О Генкином отце в доме Федосеевых при Тане никогда не говорили, а сама она не решалась спрашивать: почему-то ей казалось, что здесь наверняка кроется какая-то тайна… Стоило ей только подумать о нем, и сразу перед глазами возникал так испугавший ее человек на костылях, со свежей царапиной на щеке…

Может быть, именно поэтому Генка не заходит к ним? Может, он что-то знает? И все знают, только не хотят ей говорить?

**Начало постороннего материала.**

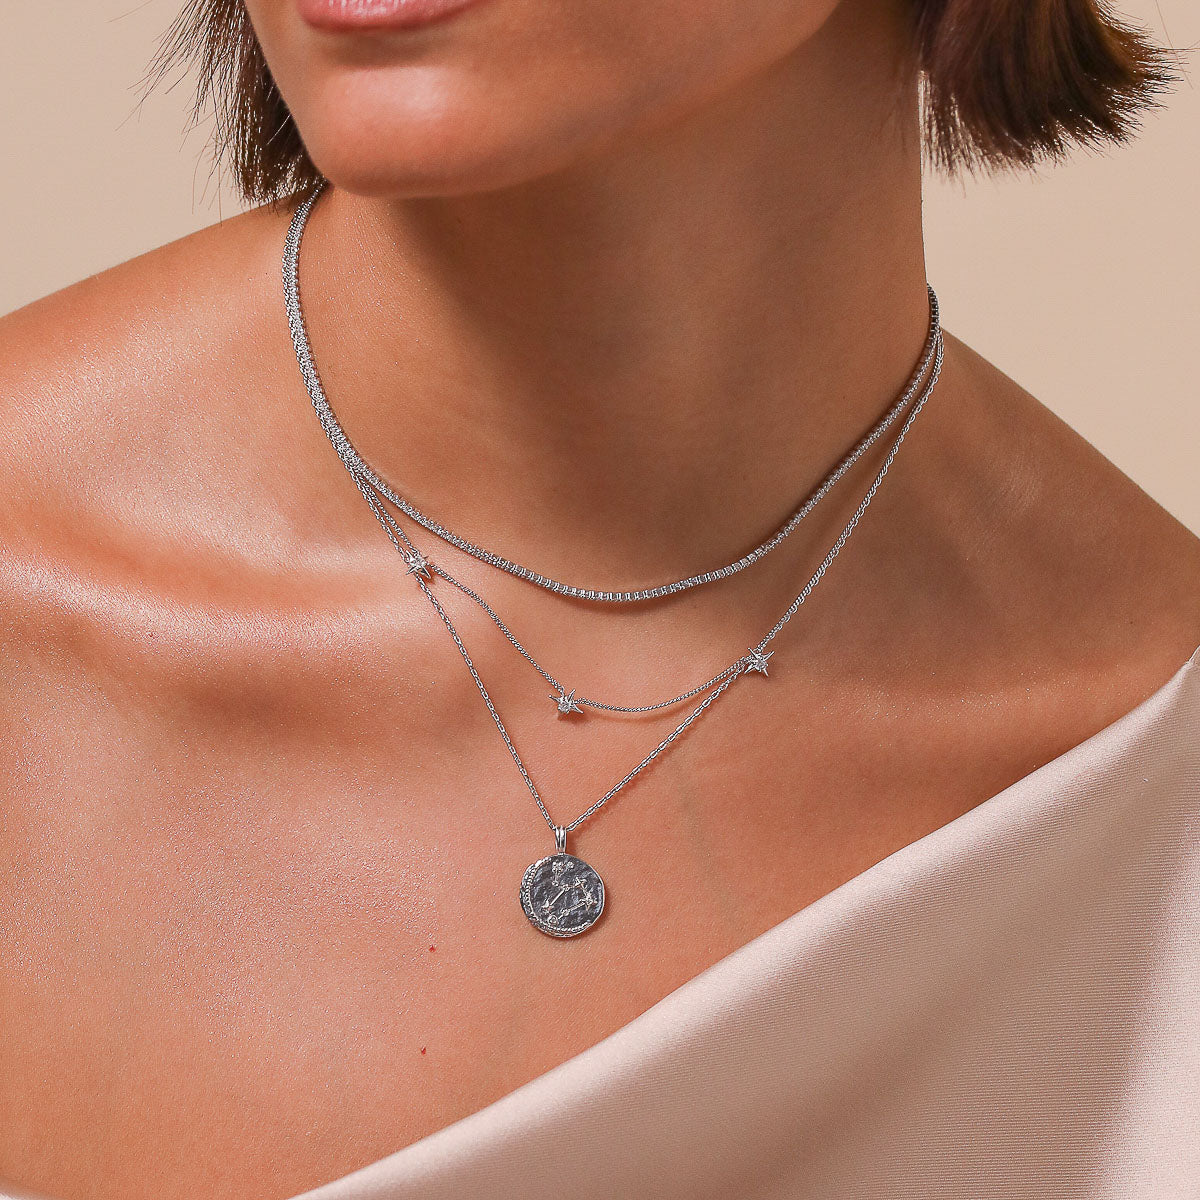 Leo Zodiac Pendant Necklace in Silver worn layered with necklaces

Особенно запомнился Тане один случай. Как-то в воскресенье они втроем, всей семьей, возвращались из кино. Фильм был веселый, и теперь все, перебивая друг друга, вспоминали самые смешные места и снова начинали смеяться:

— А этот-то, этот… длиннолицый…

— А как он в воду… бух!

— А собака, помнишь? Его за штаны!.. Ха-ха-ха!

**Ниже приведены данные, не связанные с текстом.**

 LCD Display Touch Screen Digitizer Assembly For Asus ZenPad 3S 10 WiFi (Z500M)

Больше всех, конечно, смеялась Таня.

И вдруг впереди, на углу, она увидела Генкину мать. Ольга Ивановна стояла у входа в магазин с авоськой в руке и разговаривала с какой-то пожилой женщиной. Таня хотела было рассказать ей, какой смешной фильм они видели, пусть Генка обязательно сходит, но папа и мама прошли мимо не останавливаясь, только поздоровались, и Ольга Ивановна коротко кивнула им в ответ, а пожилая женщина, ее собеседница, быстро взглянула на Таниного отца и тут же отвела взгляд.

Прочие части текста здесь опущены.